# Robot Combat League



## Joe88 (Mar 12, 2013)

Did anyone have the pleasure of watching this trash?

its basically the movie real steel except now its a reality show

This show is obviously scripted and fake, from the sparks that fly everywhere whenever a punch gets thrown (some of them not even connecting), to so called steel armor being bent like tin foil, tubes bursting for no apparent reason and other "malfunctions"
all the robots as far as I can tell are exactly the same hardware underneath, the only difference is the external cosmetics

at least shows like robot wars were real

but at least they have the right host considering he does staged fights for a living


----------



## Veho (Mar 12, 2013)

I'd say the helpless flailing around looks pretty realistic   

It's like an upscaled game of Rock'em Sock'em Robots, but with less responsive controls.


----------



## Gahars (Mar 12, 2013)

I might give this show a watch if they threw humans into the ring. Then it would get... interesting.


----------



## Veho (Mar 12, 2013)

Humans VS robots, or just two humans there to slug it out? 

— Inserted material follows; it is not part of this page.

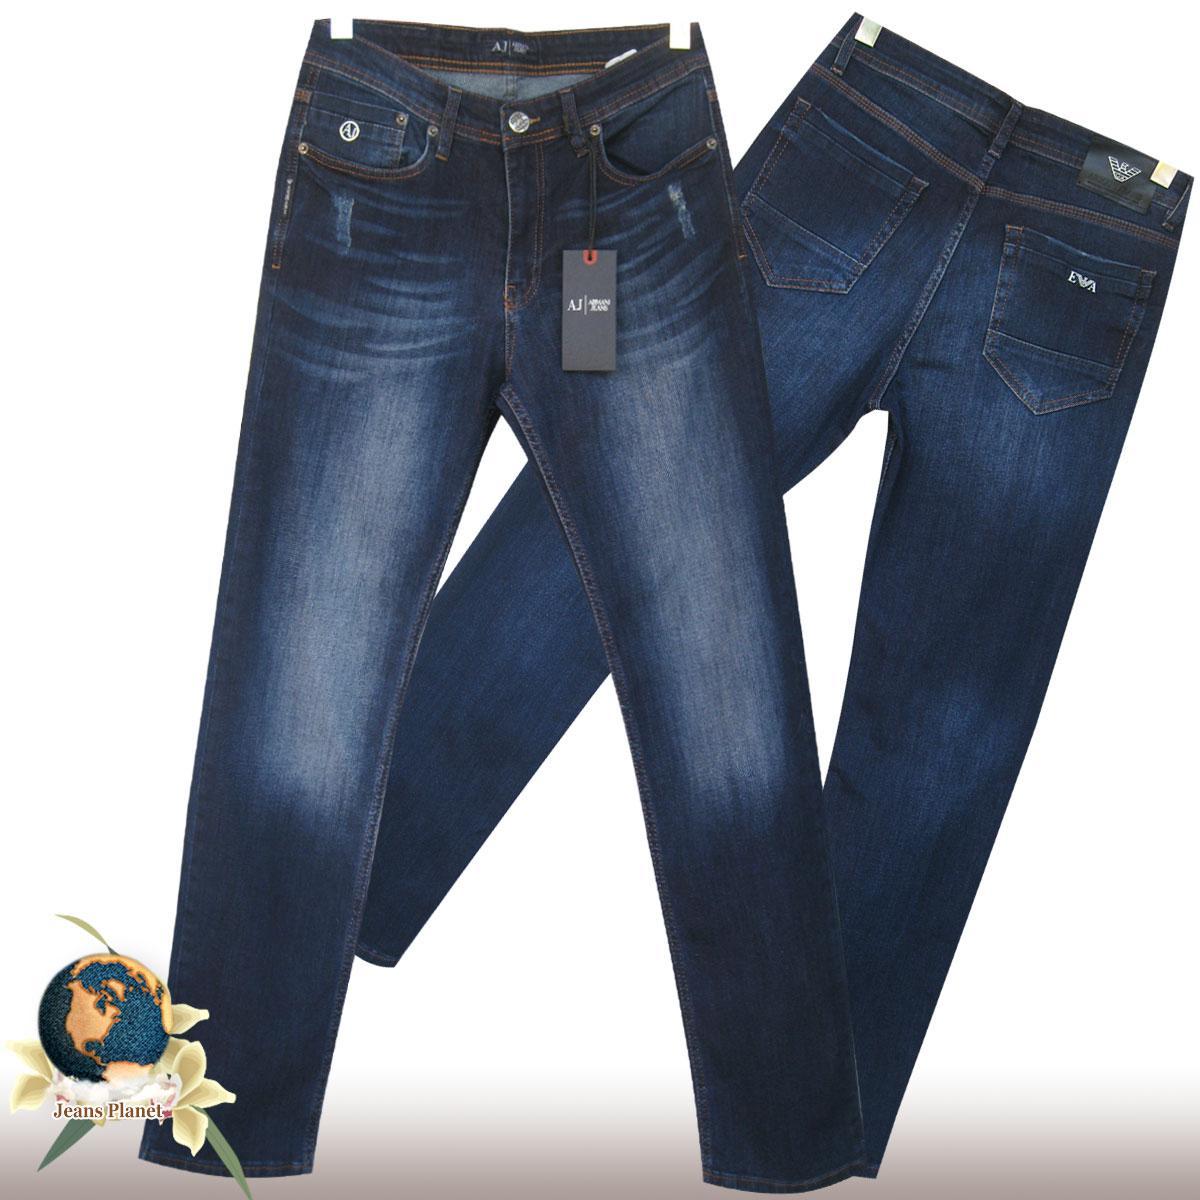 Стильные мужские классические джинсы Philipp Plein тёмно-синего цвета 32 размер

Would they still get wrist-mounted miniguns?


----------



## Hadrian (Mar 12, 2013)

I wish the BBC would bring back Robot Wars, I've not masturbated over Phillipa Forrester for a while now.


----------



## Gahars (Mar 12, 2013)

Veho said:


> Humans VS robots, or just two humans there to slug it out?
> 
> Would they still get wrist-mounted miniguns?


 
I was thinking the former, but hey, the latter with wrist-mounted miniguns would still be a good time.


----------



## Eerpow (Mar 12, 2013)

Hadrian said:


> I wish the BBC would bring back Robot Wars, I've not masturbated over Phillipa Forrester for a while now.


Hasn't aged well, she looks like she's in her late 50's.


----------



## Veho (Mar 12, 2013)

Eerpow said:


> Hasn't aged well, she looks like she's in her late 50's.


'Tis a sad truth that you can't go back home to your TV, back home to your adolescence... back home to a young man's dreams of glory and of fame... back home to pprograms on the TV, back home to the old underwear catalogues and videos of things which once seemed everlasting but which are changing all the time – back home to the escapes of Time and Memory. 

It was either that or "you can't fap into the same tissue twice" but that one is (disgustingly) incorrect.


----------



## Eerpow (Mar 12, 2013)

Veho said:


> 'Tis a sad truth that you can't go back home to your TV, back home to your adolescence... back home to a young man's dreams of glory and of fame... back home to pprograms on the TV, back home to the old underwear catalogues and videos of things which once seemed everlasting but which are changing all the time – back home to the escapes of Time and Memory.
> 
> It was either that or "you can't fap into the same tissue twice" but that one is (disgustingly) incorrect.


Things change true, but she's only 44.


----------



## InuYasha (Mar 12, 2013)

I caught like the last 10 mins of an episode and from what I saw it looked stupid...


----------